Author: Denis Avetisyan
Researchers have developed a system enabling robots to autonomously scrape diverse materials, paving the way for automated experimentation and sample preparation.
![The system employs a hierarchical control architecture wherein a high-level reinforcement learning policy processes visual data-specifically, cluster centroids and residue percentages [latex]v_i = [c_{ix}, c_{iy}, c_{iz}, p_i]^T[/latex]-along with the robot’s Cartesian state and external wrench to generate hybrid action commands [latex]\boldsymbol{a}_t = [f_x^c, \tau_y^c, z^D]^T[/latex] at 10 Hz, which are then translated by a 500 Hz Cartesian impedance controller into compliant joint torques [latex]\tau_c[/latex].](https://arxiv.org/html/2603.10979v1/figures/pipeline.png)
This work combines reinforcement learning and Cartesian impedance control to achieve robust force-aware manipulation in heterogeneous material scraping tasks, demonstrated in a real-world chemistry lab.
Automating complex laboratory tasks remains a significant challenge despite advances in robotics, requiring nuanced manipulation skills often exceeding the capabilities of traditional automation.
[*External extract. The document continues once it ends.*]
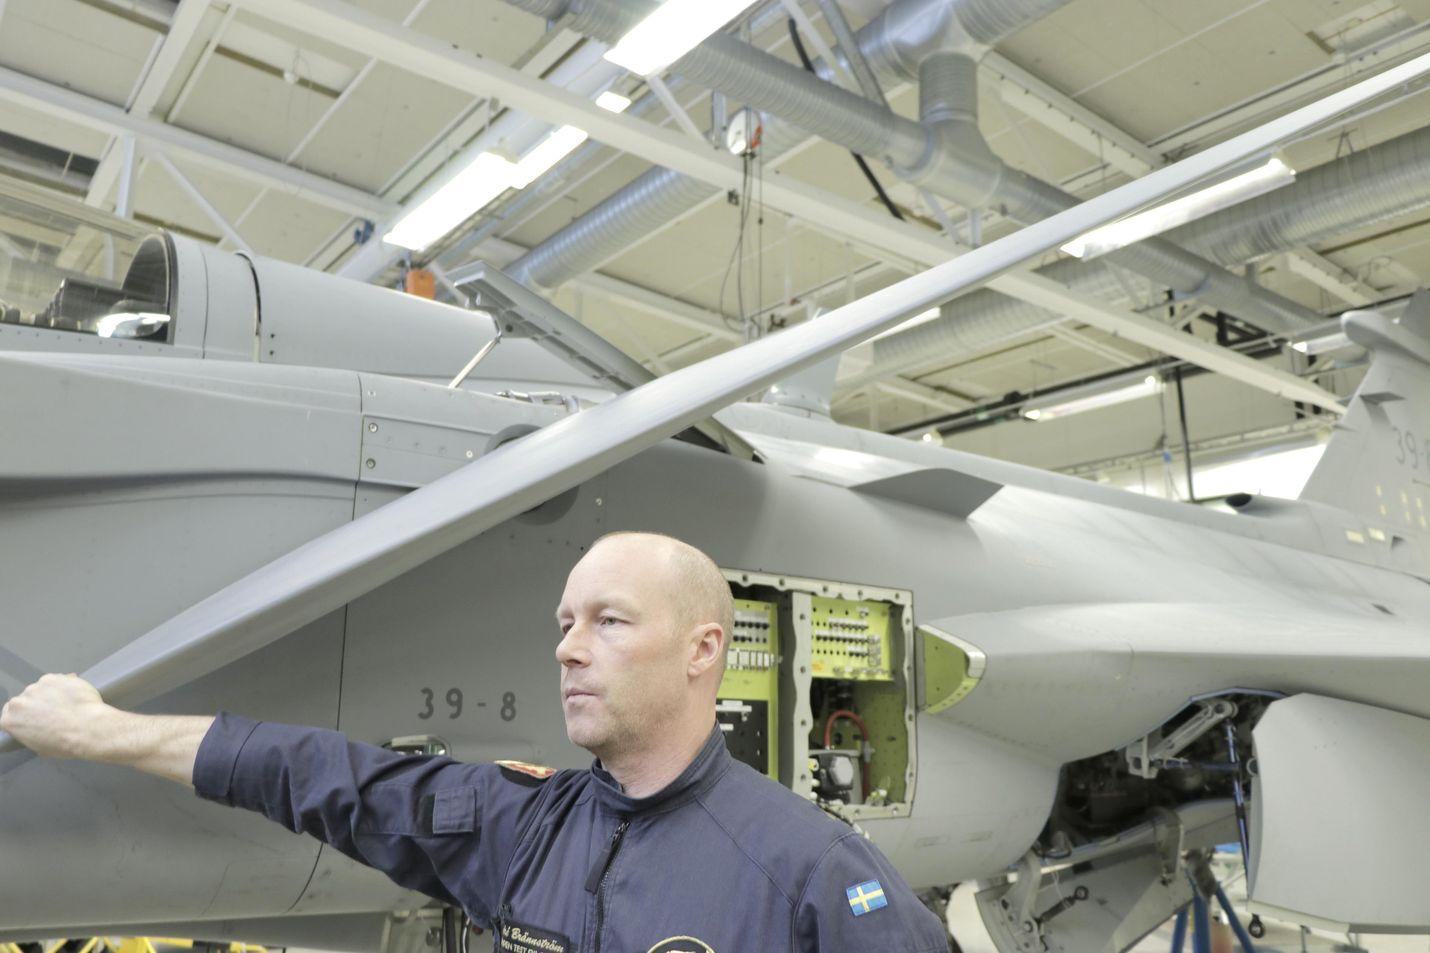 Sää ei ollut huono lentokoneelle, mutta se oli huono testaamisen kannalta. Tuloksien saaminen olisi ollut hankalaa, kertoi Saabin koelentäjä Andre Brännström.
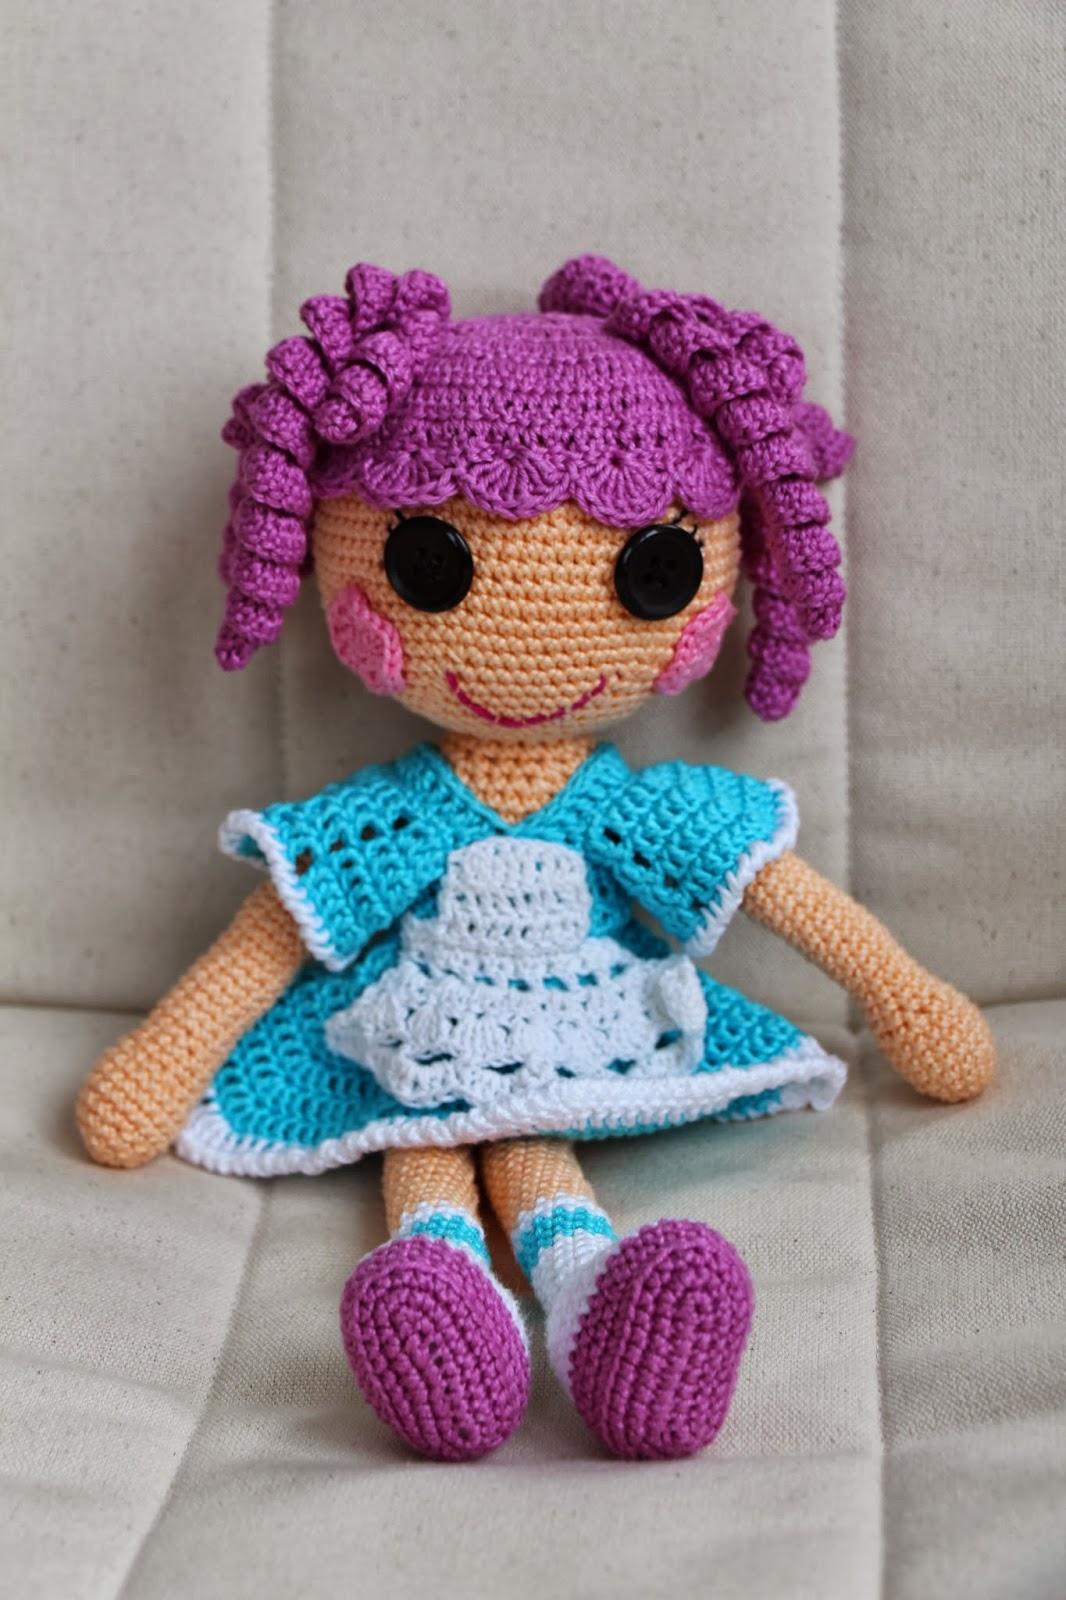 Вязаная кукла Lalaloopsy: подробная схема и описание

This work, ‘Learning Adaptive Force Control for Contact-Rich Sample Scraping with Heterogeneous Materials’, introduces a novel robotic system leveraging reinforcement learning and Cartesian impedance control to autonomously scrape diverse materials from vial walls. The approach achieves robust performance through adaptive force modulation guided by perception feedback, exceeding the efficacy of fixed-wrench baselines by an average of 10.9% in real-world experiments. Could this framework unlock a new era of autonomous experimentation and accelerate scientific discovery in resource-constrained labs?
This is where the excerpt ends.